The Importance of Hypotheses
Informatics is an engineering science. Like other branches of
both engineering and science it contributes to the advancement of
knowledge by formulating hypotheses and evaluating them. It is
not enough merely to describe some new technique or system; some
claim about it must be first stated and then evaluated. This
claim has the status of a scientific hypothesis; the evaluation
provides the evidence that will support or refute it.
Of course, the whole story may be spread across several papers
and several authors. For instance, the initial paper about a new
idea may not contain all the evidence needed to support a
hypothesis; further evidence may be provided in later
papers.
In experimental research, hypotheses typically take one
of the following two forms:
- Technique/system X automates task Y for the first
time;
- Technique/system X automates task Y better, along some
dimension, than each of its rivals;
where the dimensions are typically:
-
Behaviour: X has a higher success rate then Y or produces better quality
outputs, e.g. shorter, easier to understand, more similar to human outputs,
etc.
-
Coverage: X is applicable to a wider range of examples then Y.
-
Efficiency: X is faster or uses less space then Y.
-
Dependability: X is either more reliable, safe or secure
than each of its rivals.
-
Maintainability: Developers find X easier to adapt and
extend than its rivals.
-
Useability: Users find X easier to use than its rivals.
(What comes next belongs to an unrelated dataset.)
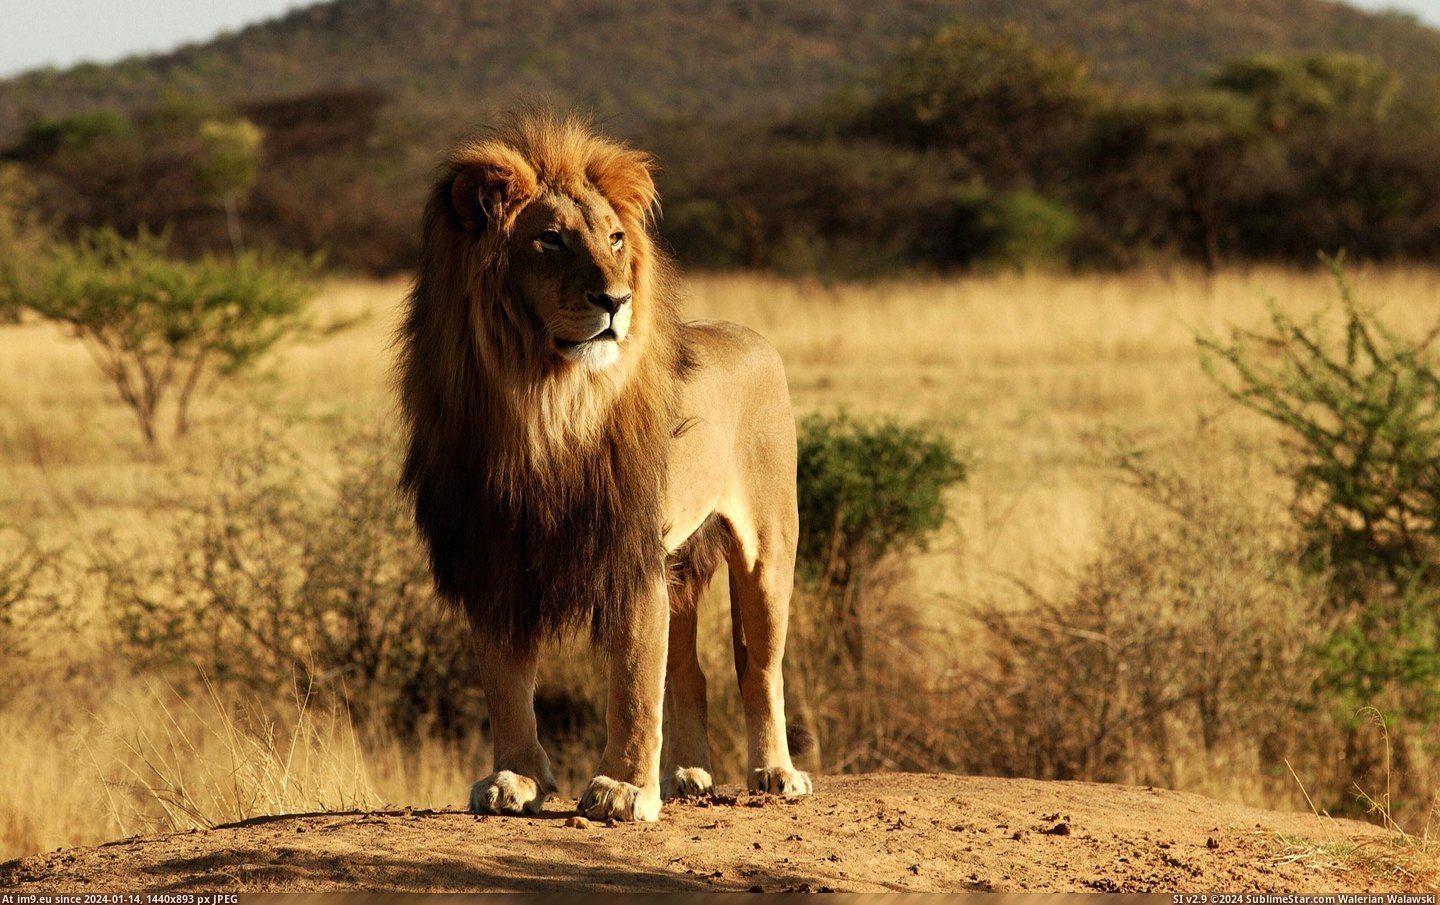 #Wallpaper #Beautiful #Lion #Wide #King King Lion Wide HD Wallpaper Pic. (Изображение из альбом Unique HD Wallpapers))

A paper may contain one or more hypotheses. However, it is a
mistake to try to cover too many hypotheses in a single paper: it
leads to confusion.
Explicit hypotheses are rarely stated in Informatics
papers. This is a Bad Thing. It makes it hard for the reader to
understand and assess the contribution of the paper. If the
reader misidentifies the hypotheses then s/he is bound to find
the evidence for it unconvincing. If the reader is also a referee
or examiner s/he may reject the paper. Worse still, it may
indicate that the author is unclear about the
contribution of the paper. In the absence of a clear hypothesis
it is impossible to know what evidence would support or refute
it.
The symptoms of this malaise are commonplace: papers whose
contribution is vague, ambiguous or absent; papers with a
confused mixture of multiple, implicit hypotheses; evaluations
that are inconclusive or non-existent; referee reports that
appear harsh or inconsistent. One of the main purposes of this
guide is to help to reverse this unhappy situation.
Theoretical papers are usually welcome exceptions: they usually
contain both hypotheses and convincing evidence to support them.
The hypotheses are the statements of theorems and the supporting
evidence is their proofs. This may account for the relatively
healthy state of theoretical research in Informatics compared
with experimental research.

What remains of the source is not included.